Would you please print exactly the lines that run from the one with "Der andere günstig" to the last line of the data, both included, without any pictures?

▸ **Raw data**:
________________
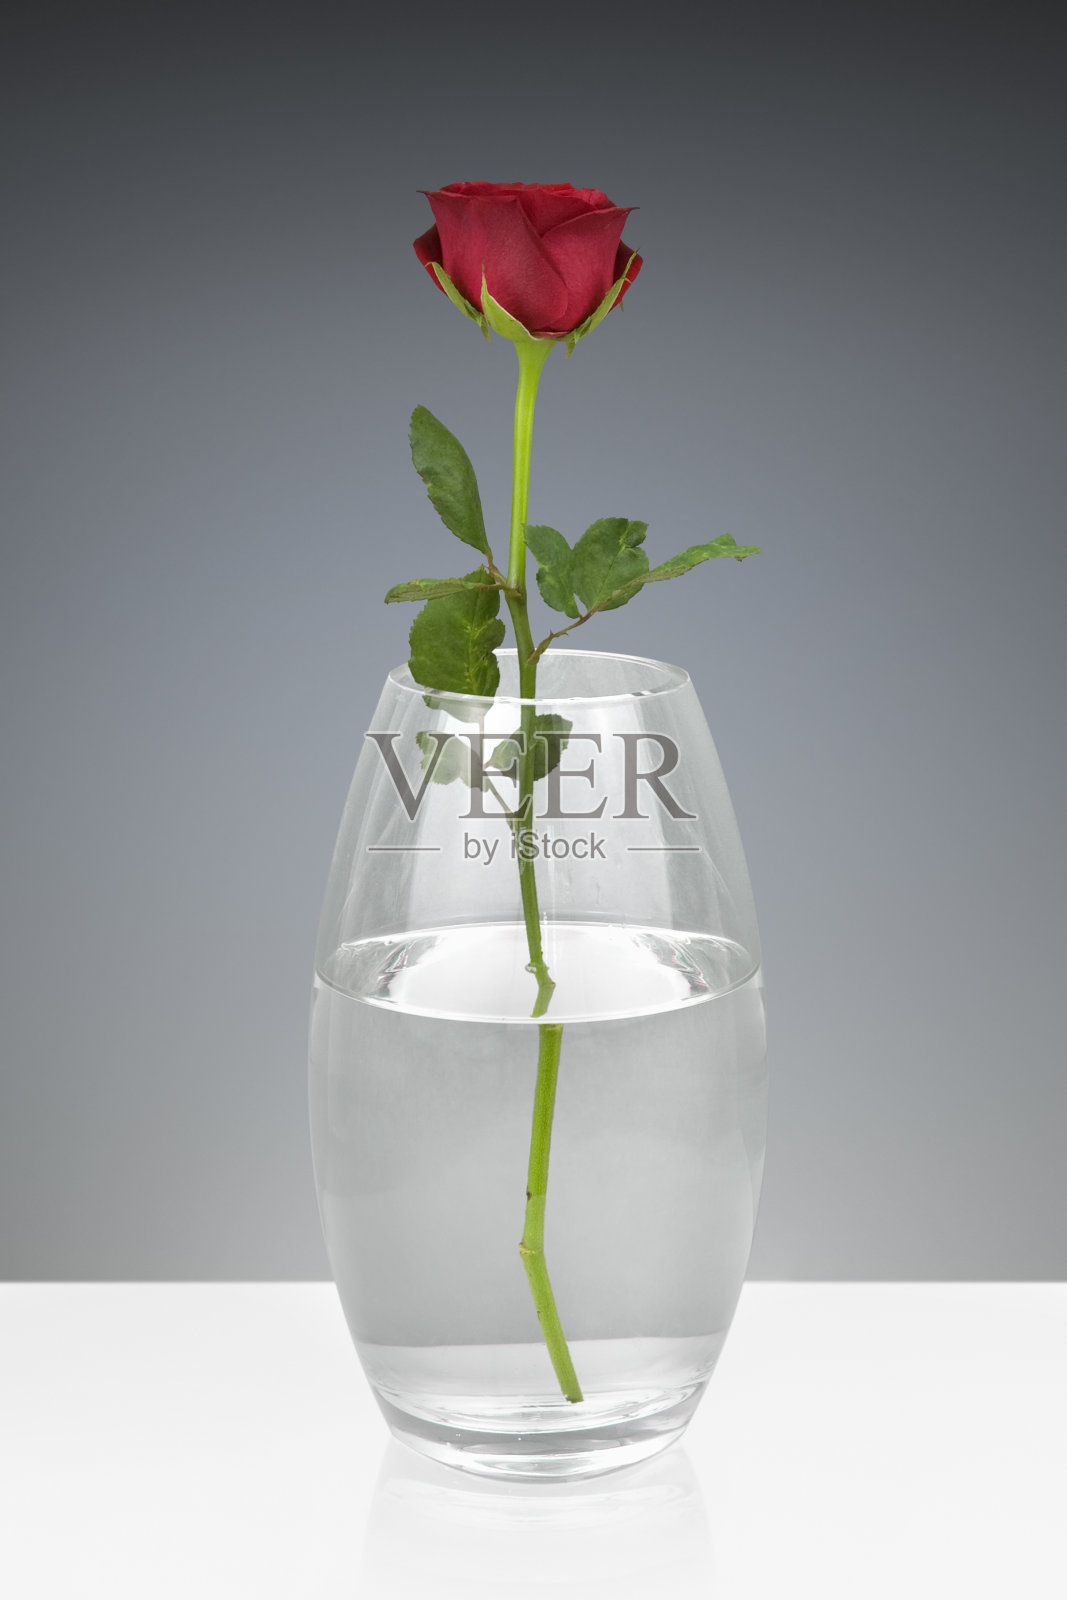 单朵红玫瑰插在玻璃花瓶里照片摄影图片
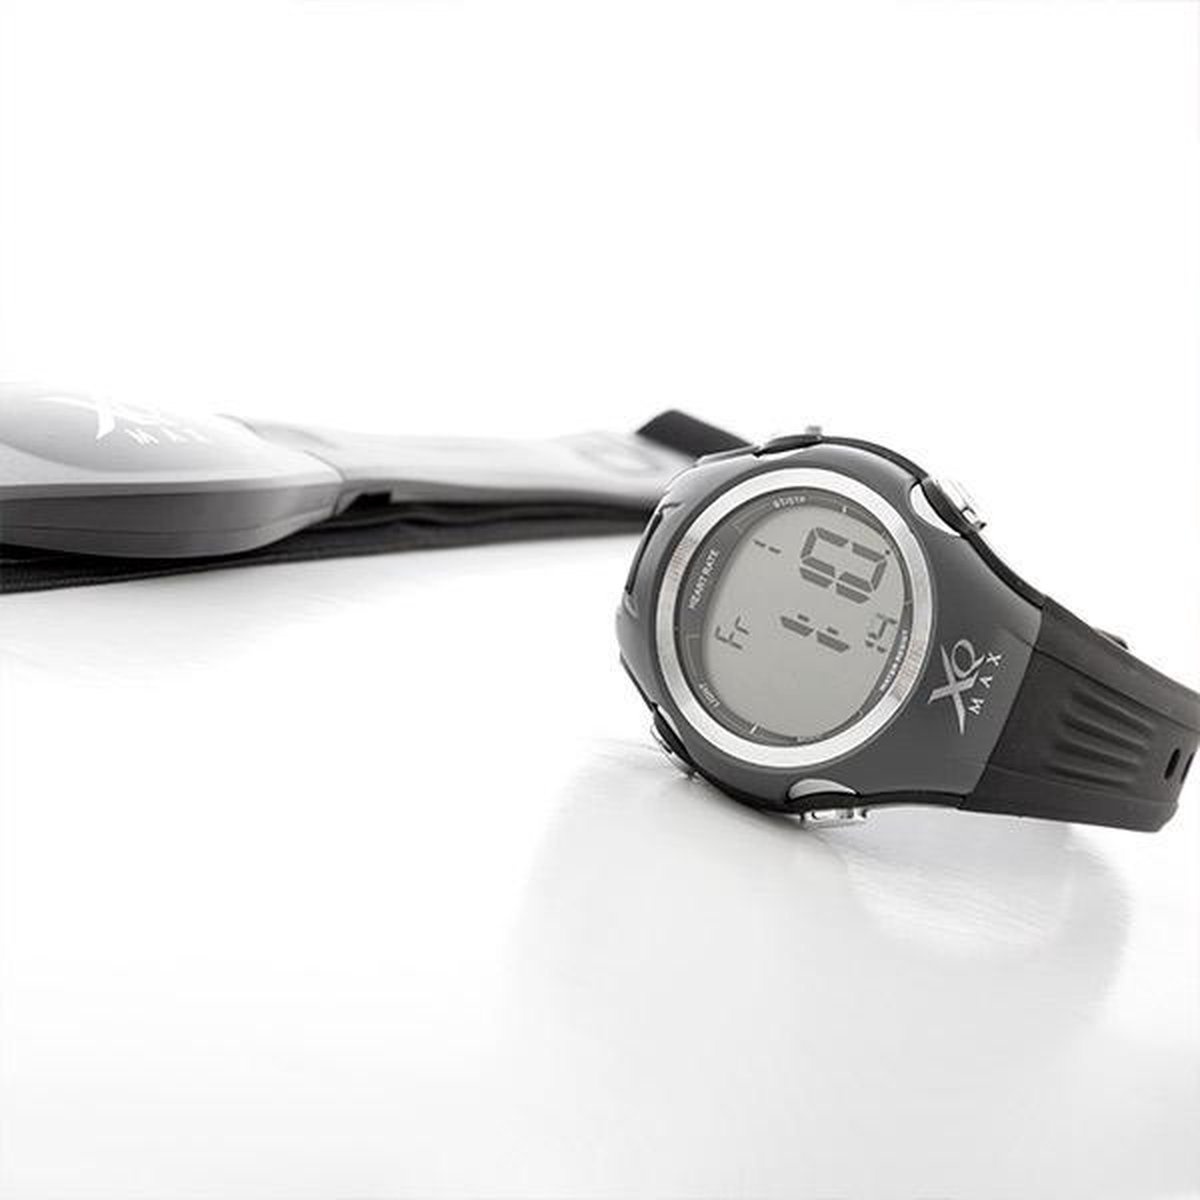 Der andere günstig Kaufen-XQ Max Watch Herzfrequenzmesser mit Brustgurt - Schwarz. XQ Max Watch Herzfrequenzmesser mit Brustgurt - Schwarz <![CDATA[XQ Max Watch Herzfrequenzmesser mit Brustgurt. Wenn Sie laufen, Rad fahren oder andere sportliche Aktivitäten ausüben, ist es nütz
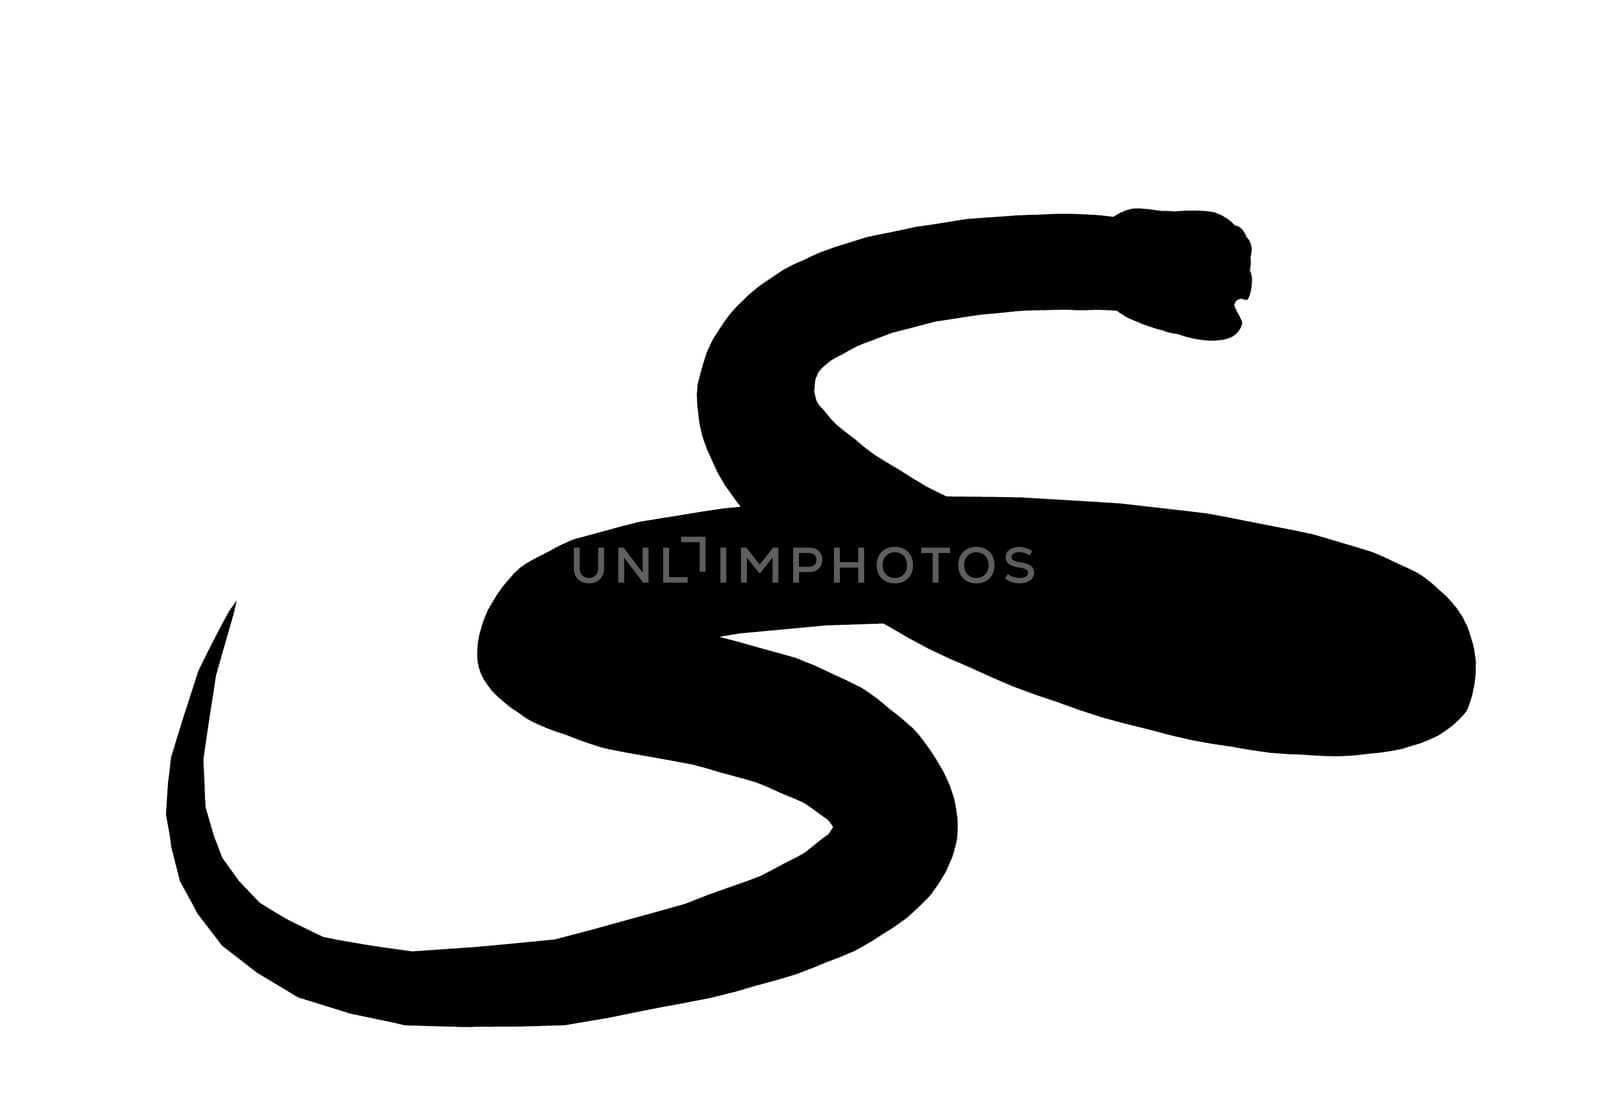 Black snake art illustration silhouette on a white background
________________
▸ **Finished task**:
 Der andere günstig Kaufen-XQ Max Watch Herzfrequenzmesser mit Brustgurt - Schwarz. XQ Max Watch Herzfrequenzmesser mit Brustgurt - Schwarz <![CDATA[XQ Max Watch Herzfrequenzmesser mit Brustgurt. Wenn Sie laufen, Rad fahren oder andere sportliche Aktivitäten ausüben, ist es nütz
 Black snake art illustration silhouette on a white background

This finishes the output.